Edward Bradbrooke

Personal information
- Nationality: British (English)
- Born: 8 August 1906 Fenny Stratford, Buckinghamshire, England
- Died: 30 September 1994 (aged 88) Yeovil, Somerset, England

Sport
- Sport: Athletics
- Event: high jump
- Club: Hurstpierpoint University of Oxford Achilles Club

= Edward Bradbrooke =

English athlete (1906–1994)

Edward R. Bradbrooke (8 August 1906 - 30 September 1994) was an English athlete who represented England at the 1930 British Empire Games and the 1934 British Empire Games and was twice British champion. He was later known as the Reverend Canon Edward Bradbrooke and was rector of Sussex parishes including Slaugham and Graffham.

== Athletic career ==
Bradbrooke attended The Queen's College, Oxford and represented Great Britain.
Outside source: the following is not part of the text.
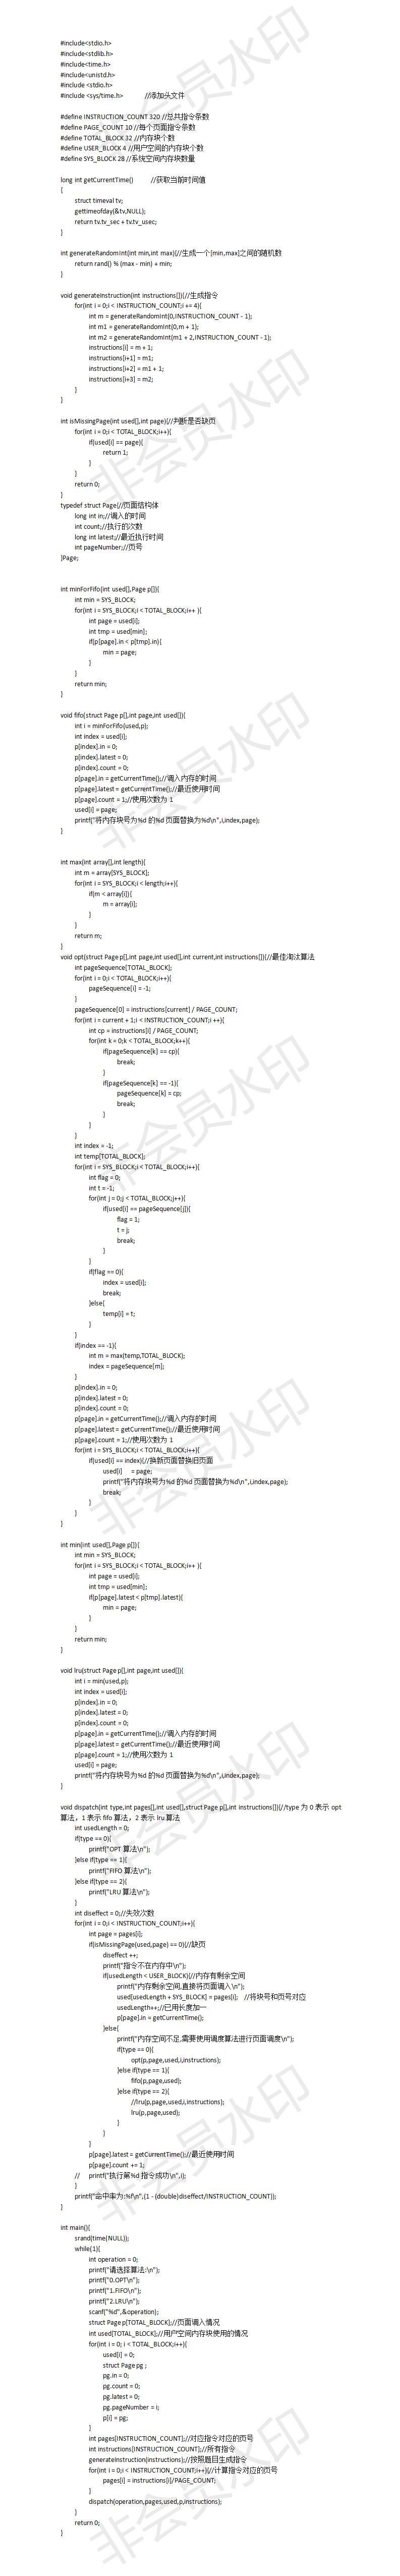 2019广州大学操作系统实验三

Shortly before the 1930 British Empire Games in Canada, Bradbrooke finished second behind Colin Gordon in the high jump event at the 1930 AAA Championships and by virtue of being the highest placed British athlete became the British champion.

At 1930 Empire Games he competed for England in the men's high jump. He resided at Wayside in Sutton Courtney at the time and by trade was a leather manufacturer.

Bradbrooke became the national high jump champion again by virtue of being the highest placed British athlete, when finishing second behind Mihály Bodosi at the 1933 AAA Championships. This led to his selection for England in the White City international match against France on 29 July.

Bradbrooke competed in his second British Empire Games in the men's high jump competition in 1934.

== Priestly career ==
On 1 June 1951, Reverend Edward Bradbrooke was inducted as rector of Slaugham parish, where he remained for 15 years. He served the village of Slaugham, known for its 13th-century church, as well as the villages of Handcross, Pease Pottage, and Warninglid, and also became Rural Dean of Cuckfeld in 1958. In 1962, he made international headlines with the quote, "Beer is one of God's gifts", ahead of blessing beer in addition to flowers, fruits, and vegetables during the harvest festival in Slaugham.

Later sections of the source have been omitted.